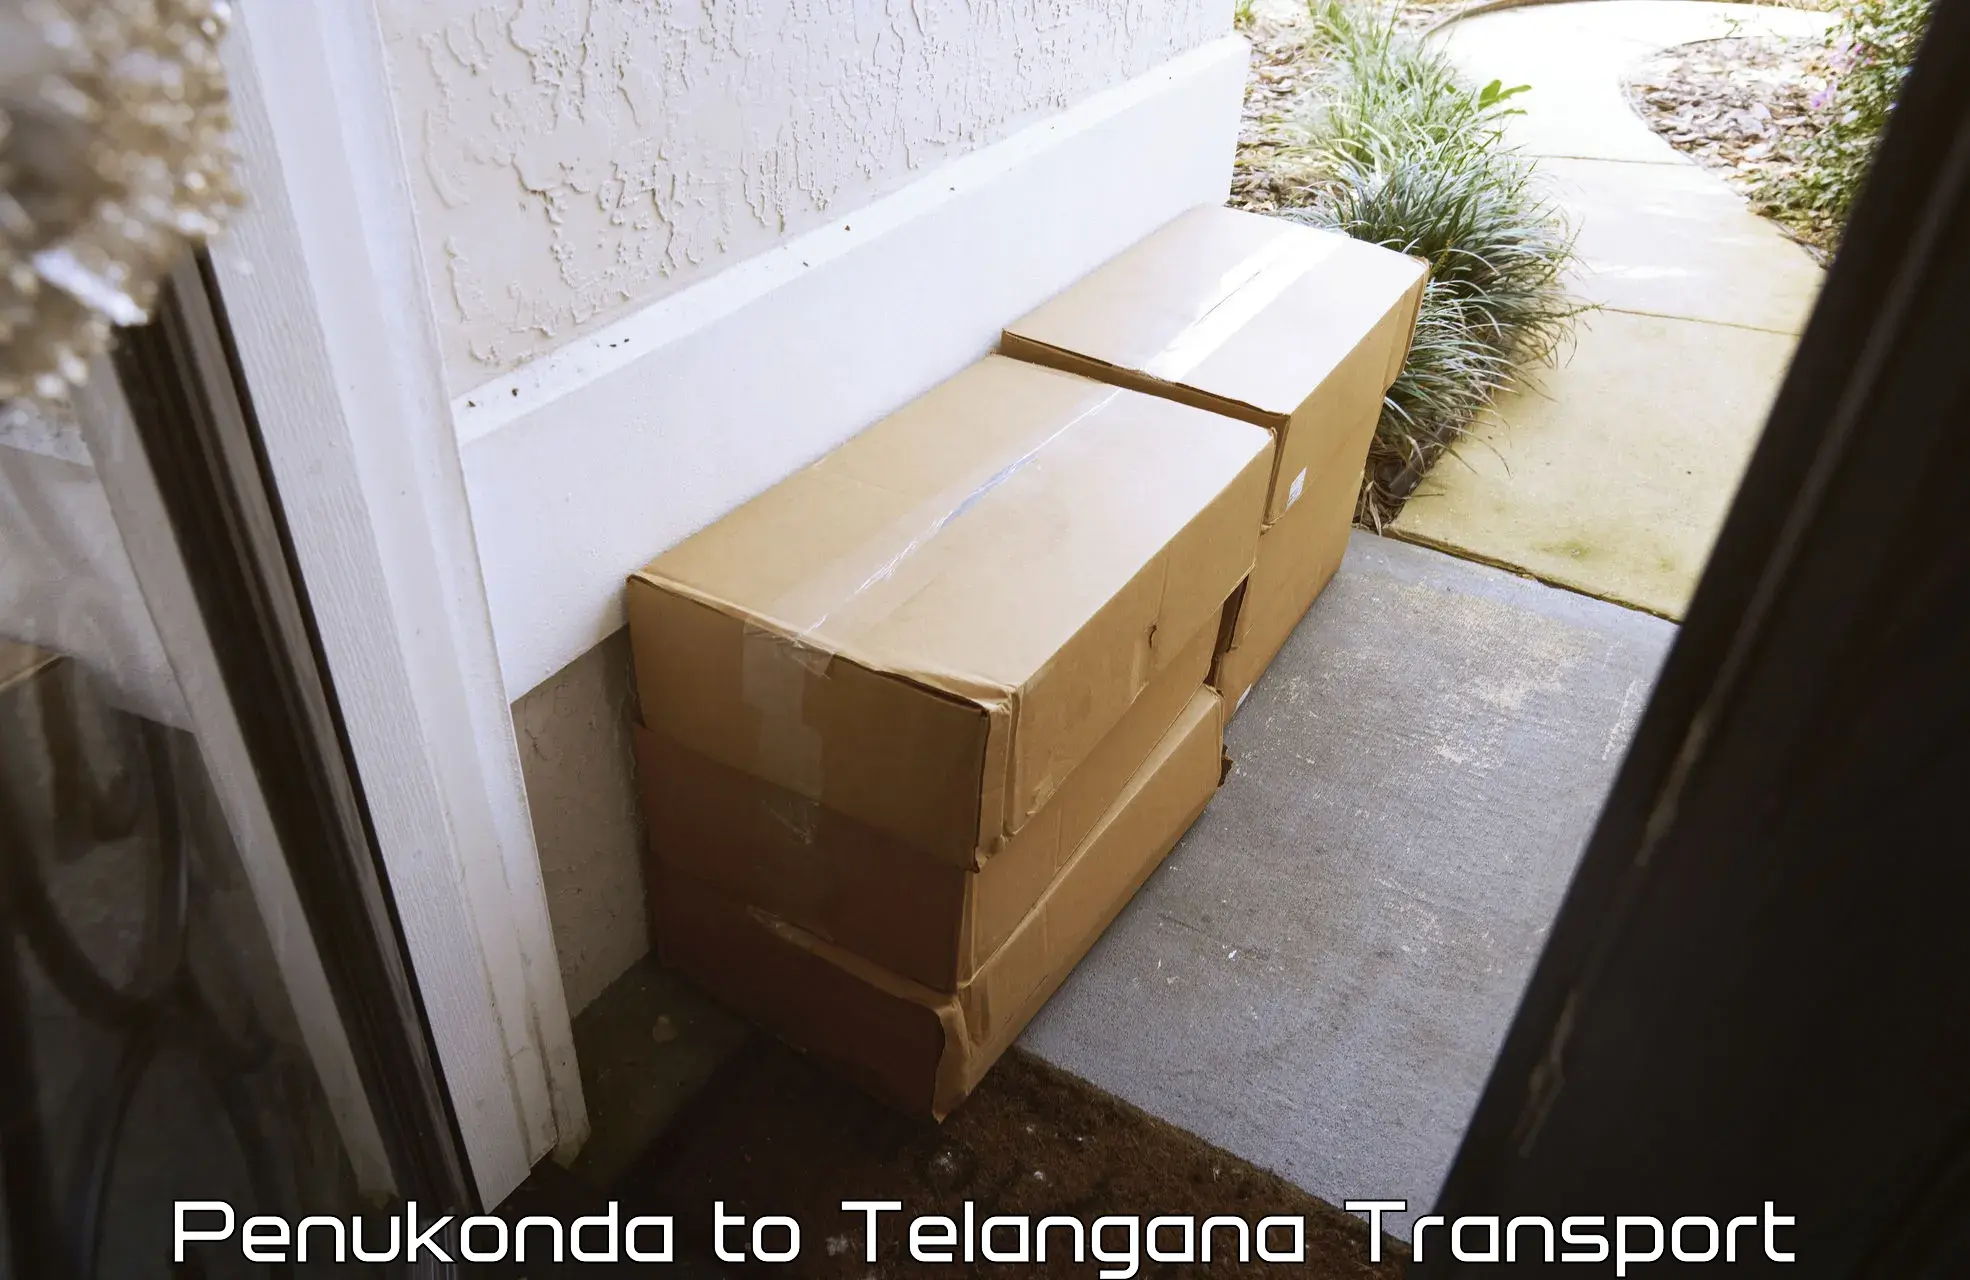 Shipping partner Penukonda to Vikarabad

===

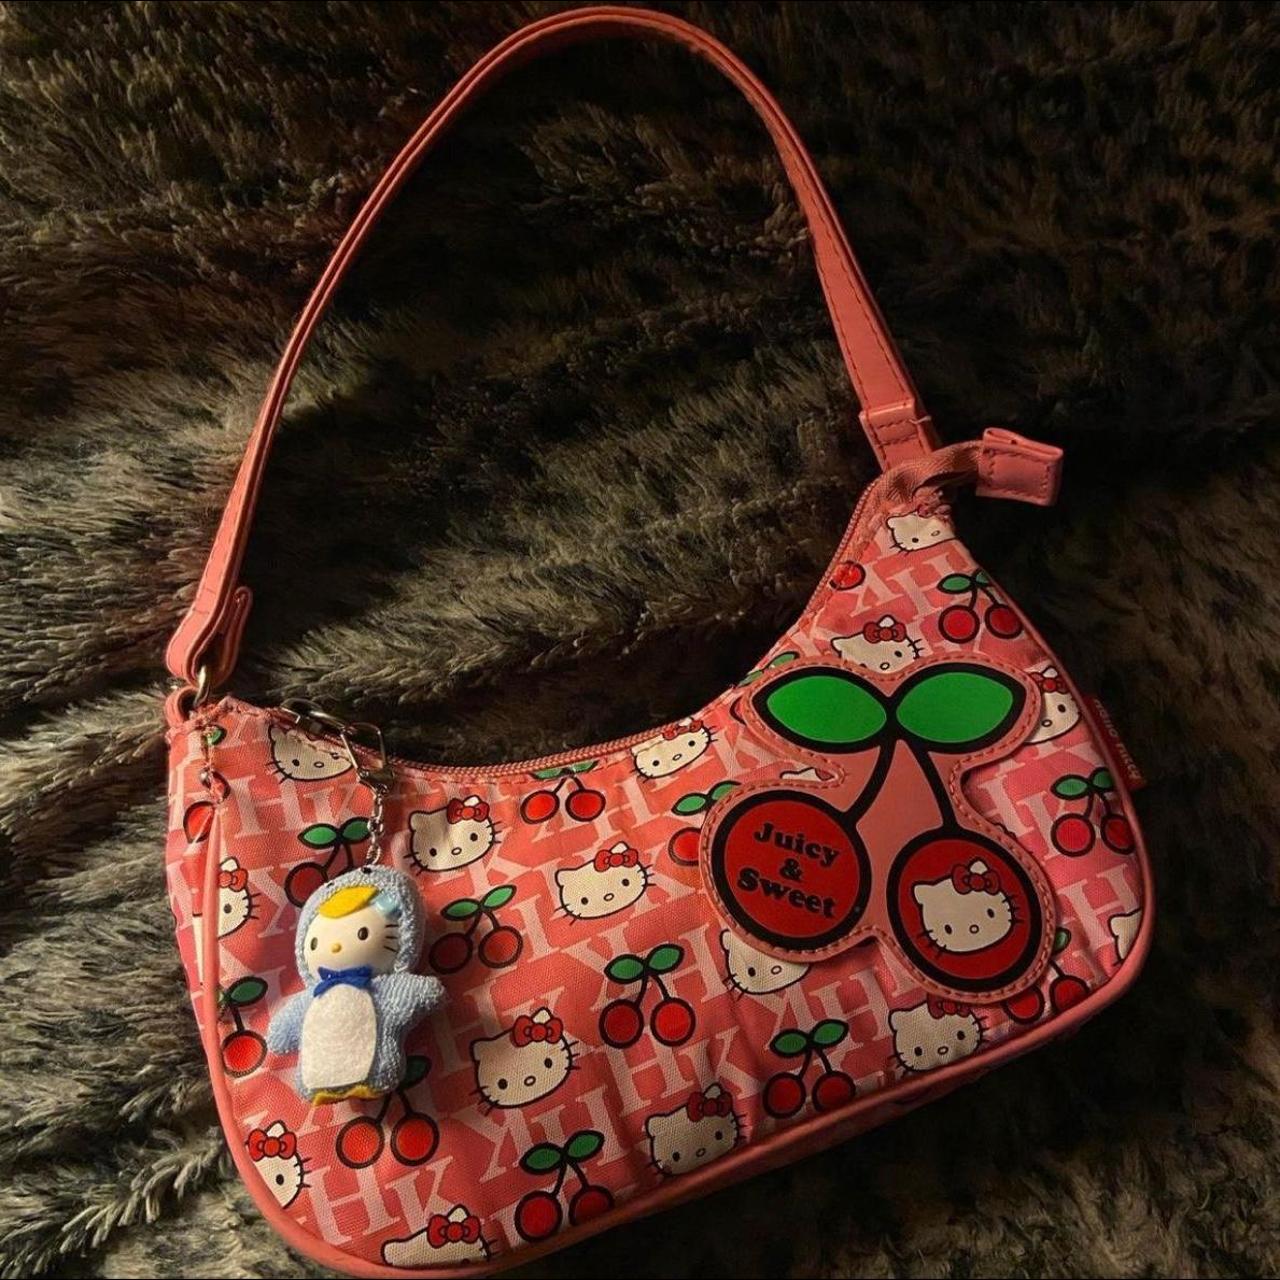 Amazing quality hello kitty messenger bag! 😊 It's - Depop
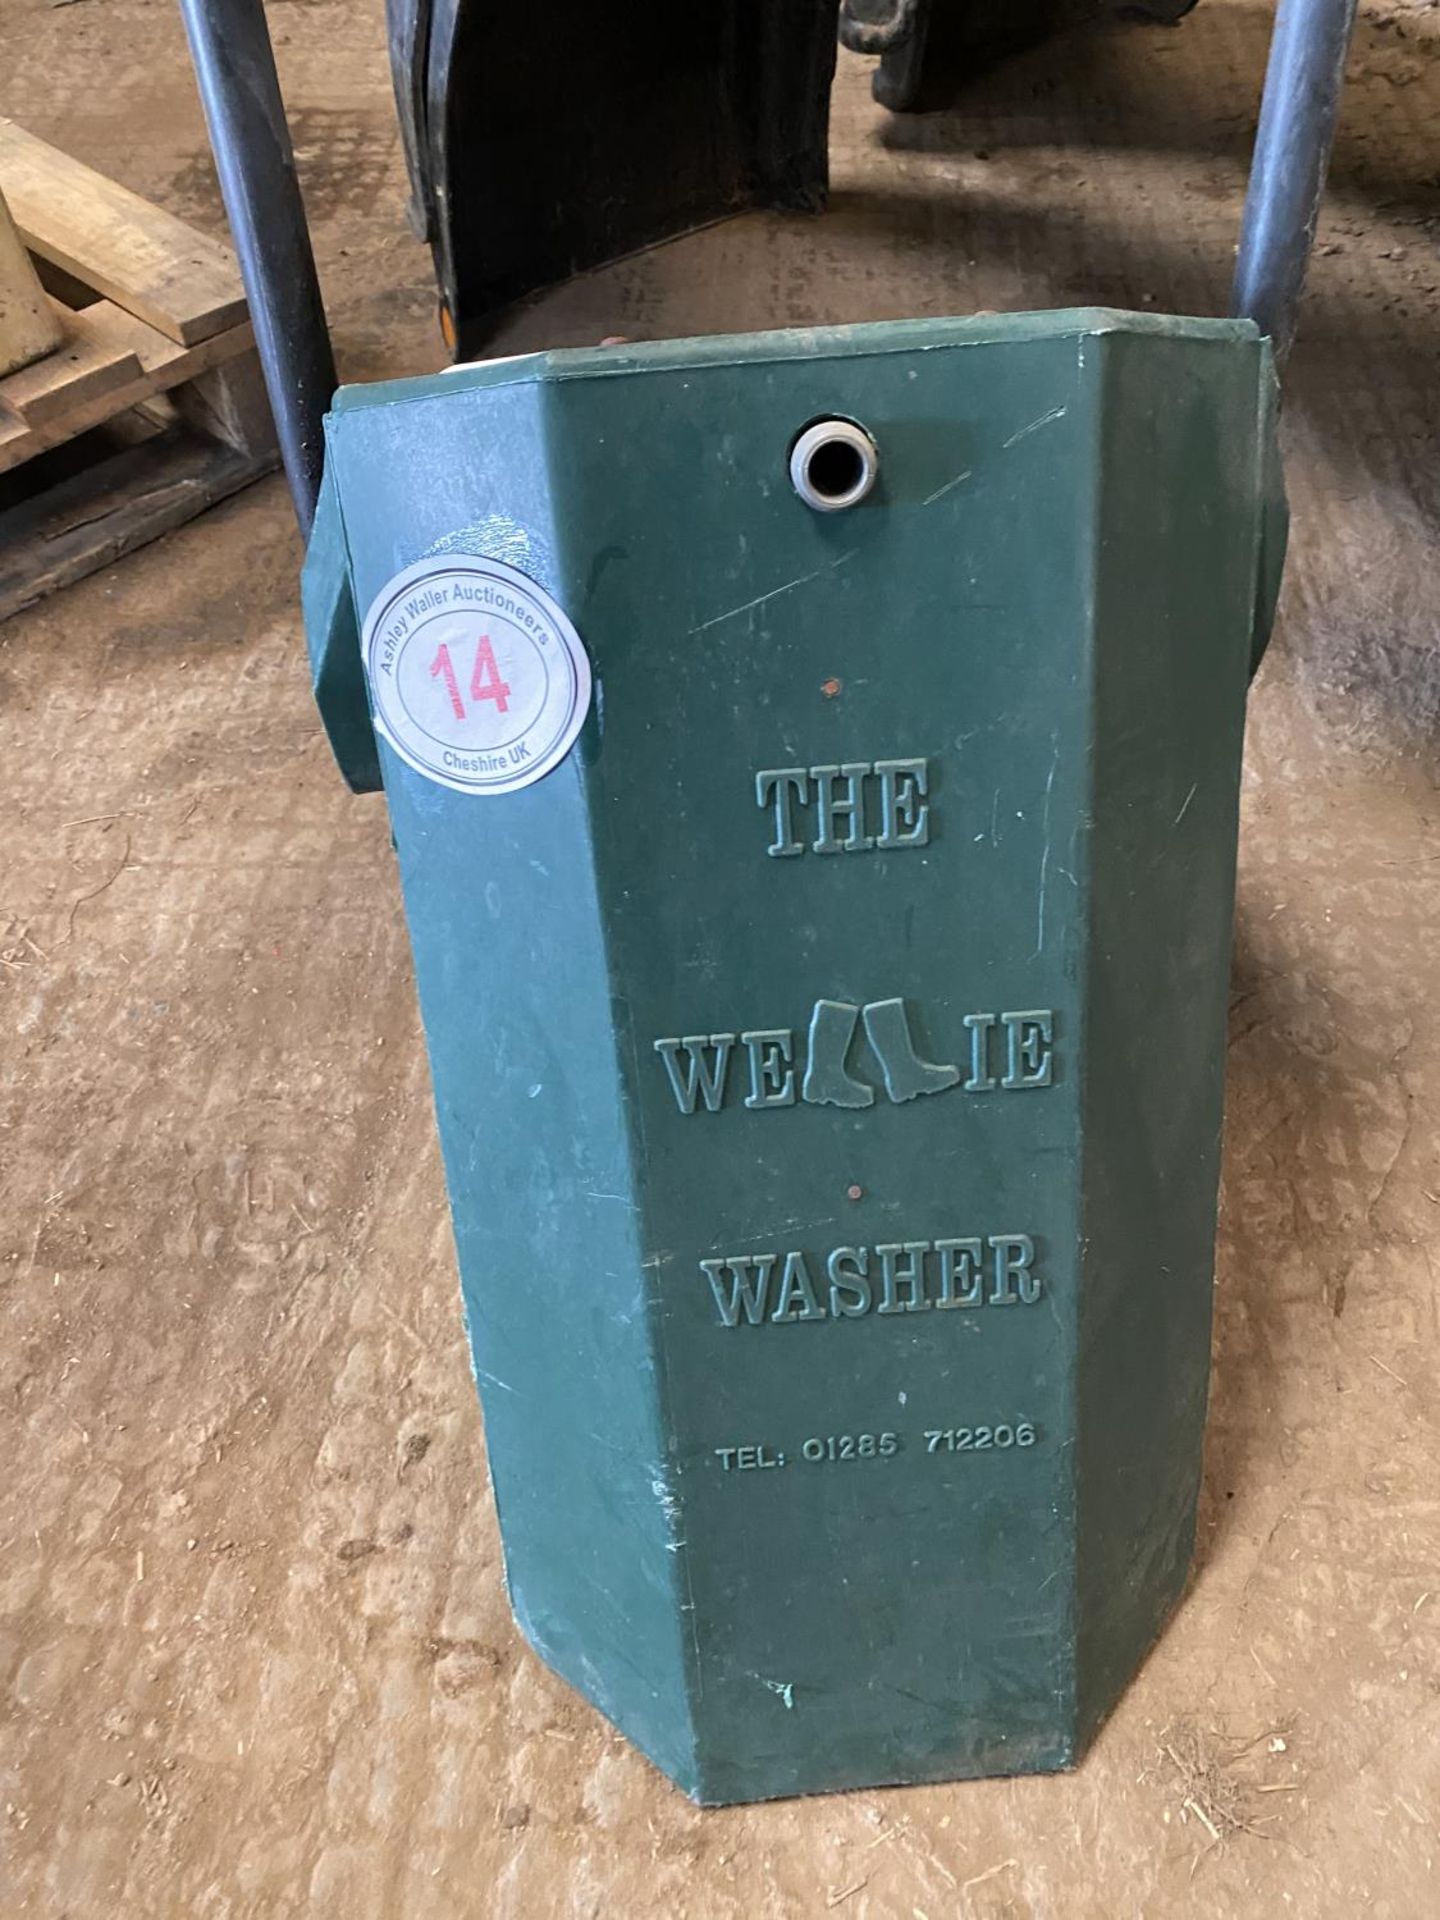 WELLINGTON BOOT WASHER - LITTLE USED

===

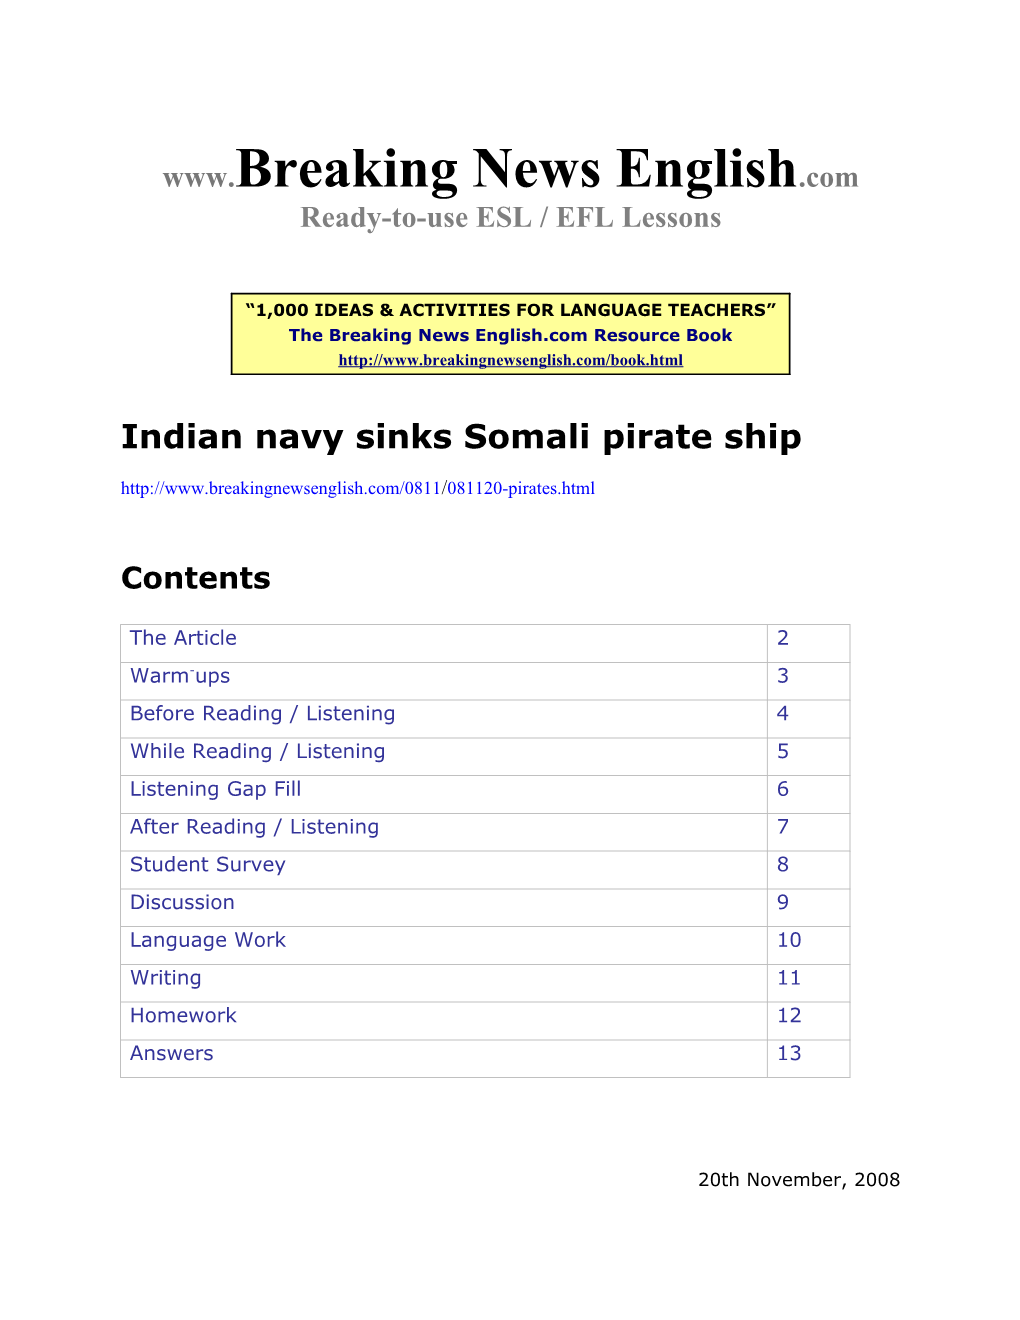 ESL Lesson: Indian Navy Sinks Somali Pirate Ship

===

Aim of the task:
From the records above, copy exactly the stretch from the line holding "Amazing quality hello" through the line holding "WELLINGTON BOOT WASHER - LITTLE USED", both ends included, without the pictures.

Response area:
 Amazing quality hello kitty messenger bag! 😊 It's - Depop
 WELLINGTON BOOT WASHER - LITTLE USED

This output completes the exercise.